A recent hit-and-run crash video highlights the unconscionably dangerous situation that Caltrans built where the 2 Freeway pours fast-moving traffic onto Glendale Boulevard in the central Los Angeles City neighborhood of Echo Park. Luckily, the cyclist - who was rear-ended by a fast-moving driver - survived with minor injuries.
The crash took place on January 16. Yesterday, LAPD tweeted out grim dashcam video footage (also posted on YouTube).
The police are offering a $5,000 reward for information leading to the arrest of the felony hit-and-run driver.
People who bike and walk know that that part of Glendale Boulevard is even more dangerous and hostile than typical L.A. streets.
What's wrong there is that Caltrans left an ill-designed stub for a never-built freeway. The planned 2 Freeway, then called the Beverly Hills Freeway, was supposed to cut through some of L.A.'s wealthier and whiter neighborhoods. When those folks put up a fight, Caltrans canceled the project, but left a stub dumping traffic onto Glendale Boulevard.
Because Caltrans took control of that part of Glendale Blvd - and owns it still to this day - it is an opaque cumbersome time-consuming process to make any changes.
For many years, Metro, Caltrans and LADOT worked to plan a State Route 2 Terminus Improvement Project. Streetsblog covered the meetings - with a telling 2009 headline that read LADOT Values Capacity over Community on Route 2/Glendale Blvd., Drags Metro along for the Ride. The process resulted in a 2009 Metro board approval of a so-called hybrid alternative that largely ignored the surrounding community's push for less traffic and more green space.
Metro published fact sheets and broke the project up into phases, declaring that "this approach ensures delivery of the improvements as quickly as possible." To make the wretched place not quite so hostile, these agencies had planned to add landscaping, ornamental street lights, and sidewalks - and to leave the deadly slip lane in place.
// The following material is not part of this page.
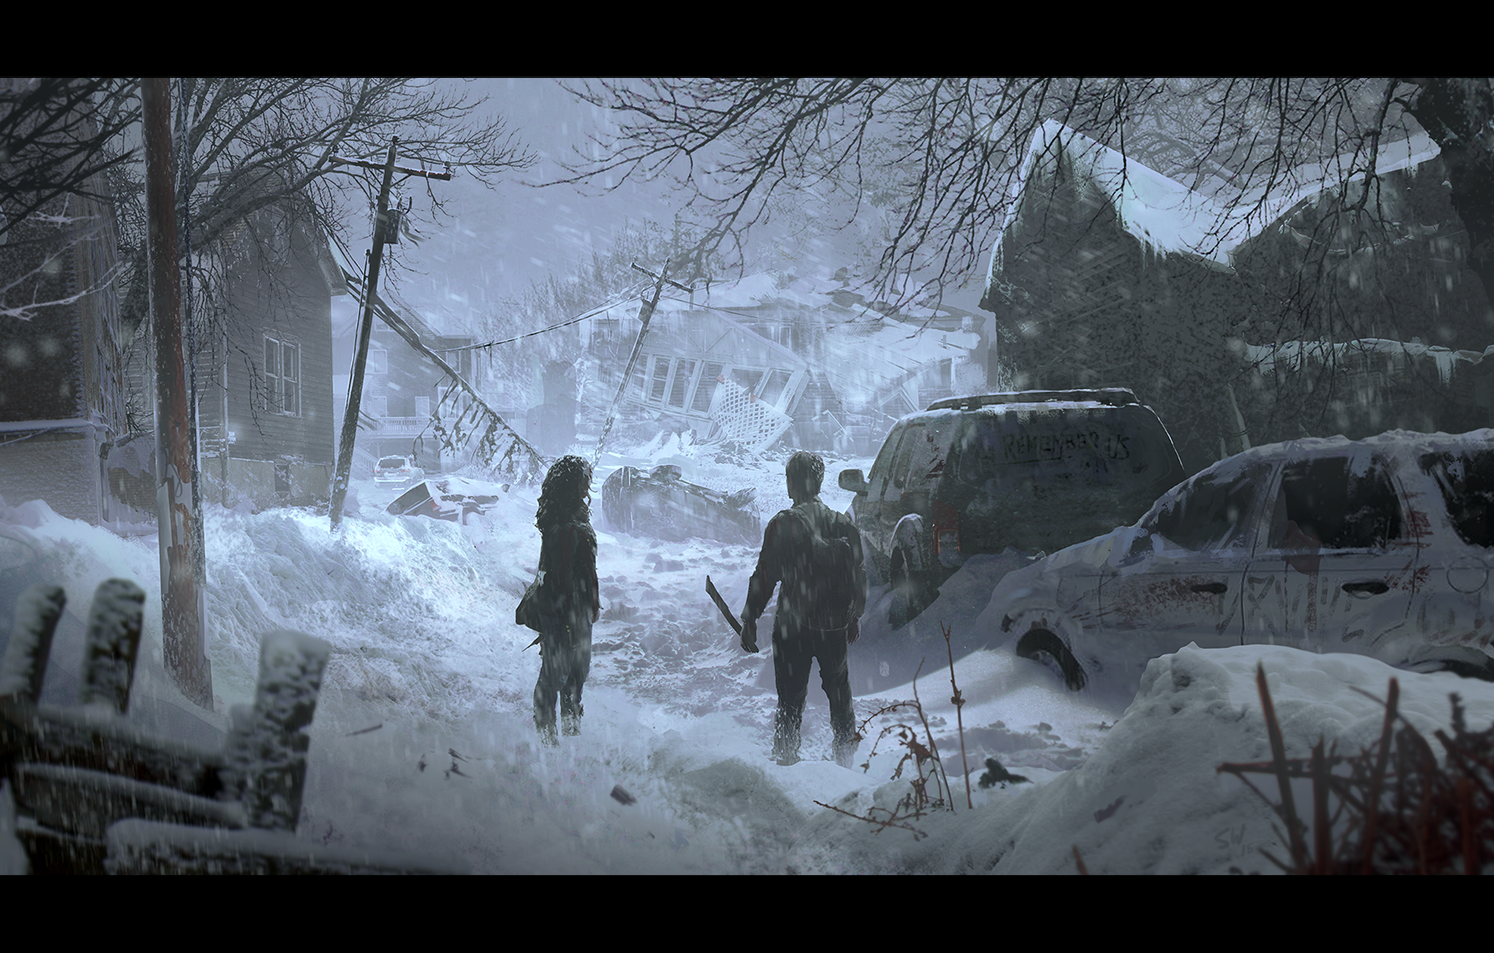 General 1494x953 The Last of Us snow abandoned apocalyptic video games video game art DeviantArt

In 2015, The L.A. Times called for the "vastly overscaled" 2 Freeway roadway to be transformed into parkland reminiscent of Manhattan's High Line. There was a design competition.
Then, like several other freeway stub-end reimaginings that even barely shift space away from driving, the Metro Highway Program and Caltrans quietly shelved the already-inadequate plans (after completing modest Phase 1A improvements). The project has been scrubbed from Metro's website (find it at the Wayback Machine).
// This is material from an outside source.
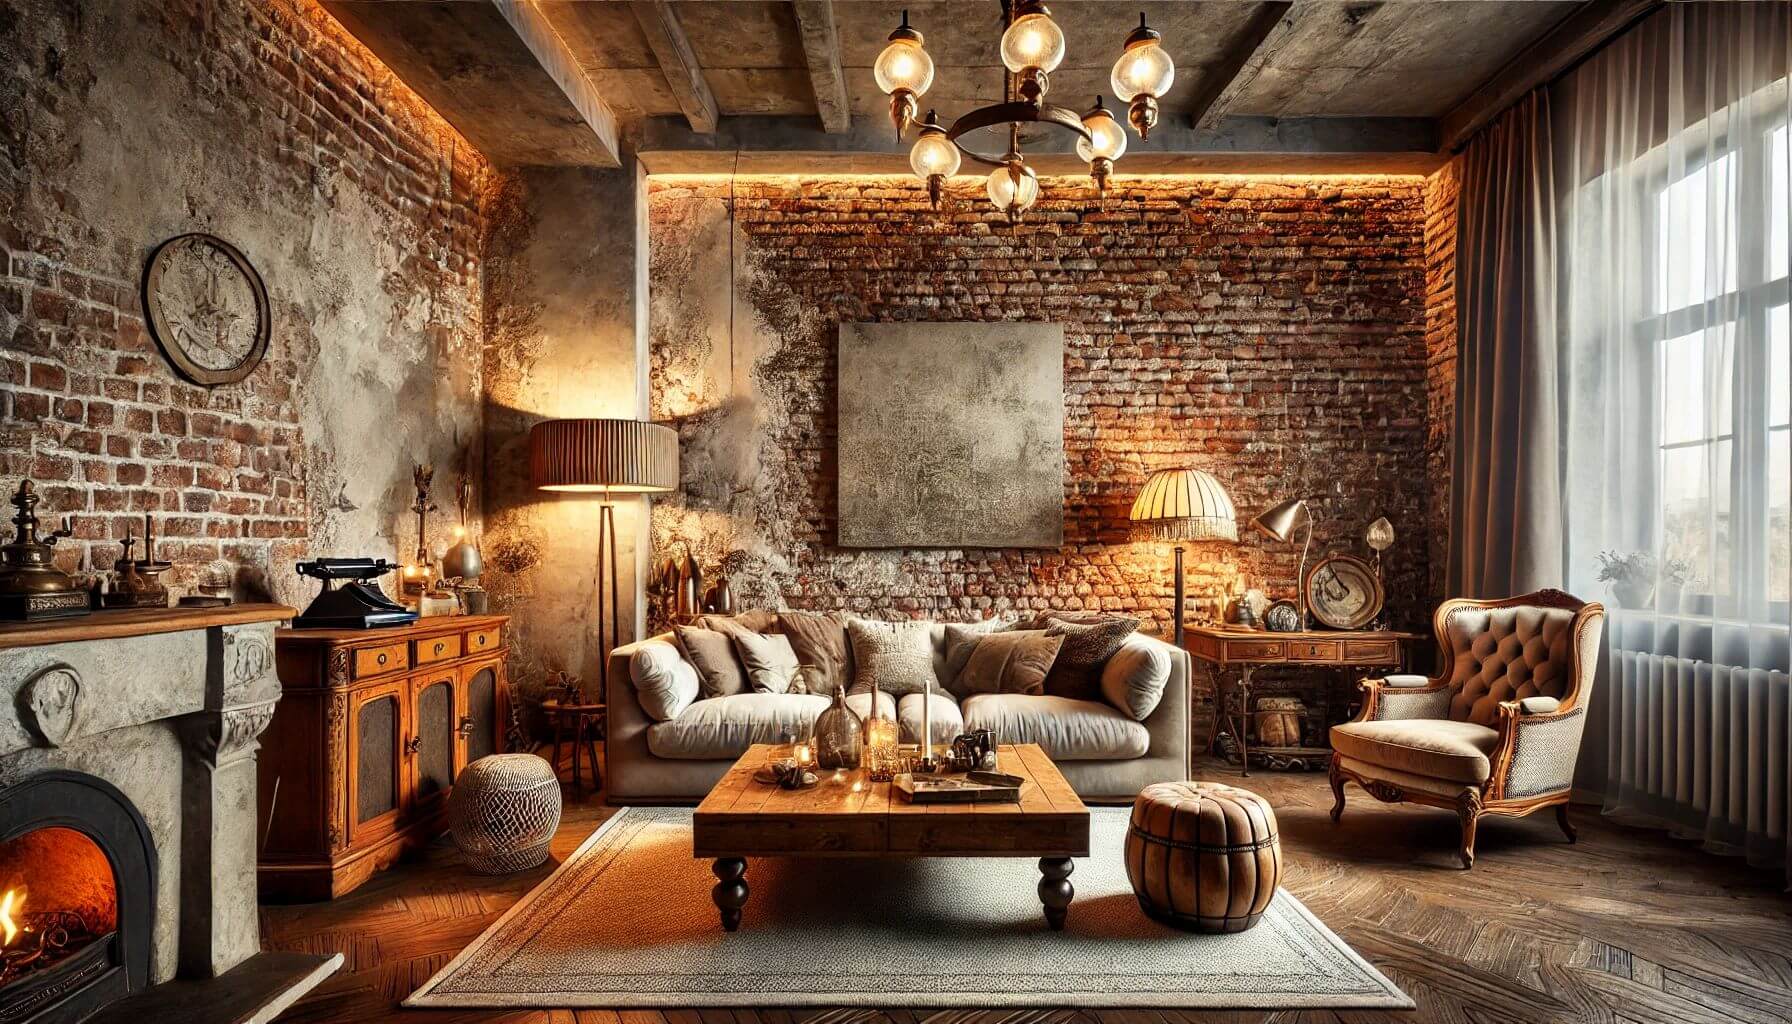 German schmear interior brick wall: A rustic elegance for your home

The city of L.A. approved protected bike lanes for this part of Glendale Boulevard in the city's Mobility Plan. But, like the rest of the non-car features in that plan, the bikeway was never pursued.
So, what can be done now?
Streets for All founder Michael Schneider wrote to SBLA, "If this was a film shoot on Glendale Blvd, there would be crash barriers and half the road would be closed for the safety of the crew." He is demanding "filming level safety for the day-to-day safety of all Angelenos... immediately."
To make this location not deadly for cyclists and pedestrians, there can be no high-speed slip lane merging onto Glendale Boulevard. There is a signalized Glendale Boulevard offramp about a thousand feet north of the treacherous slip lane; it should be possible for Caltrans to close the slip lane and direct all the freeway traffic into the signalized offramp.
If Caltrans is serious about its professed commitment to safety, multi-modal transportation, and complete streets, it should take some kind of immediate action to fix the situation. In the longer run, the agency should take the lead on ripping out its many disruptive and dangerous stubs - relics of the agency's cars-first cars-only past.
The city of L.A. also shares in the fault for the dangerous situation. The cyclist was sandwiched between speeding drivers on Caltrans' slip lane and speeding drivers on Glendale Boulevard. Councilmember Mitch O'Farrell and Mayor Eric Garcetti should move forward with quick-build implementation of the approved bikeway safety improvements there.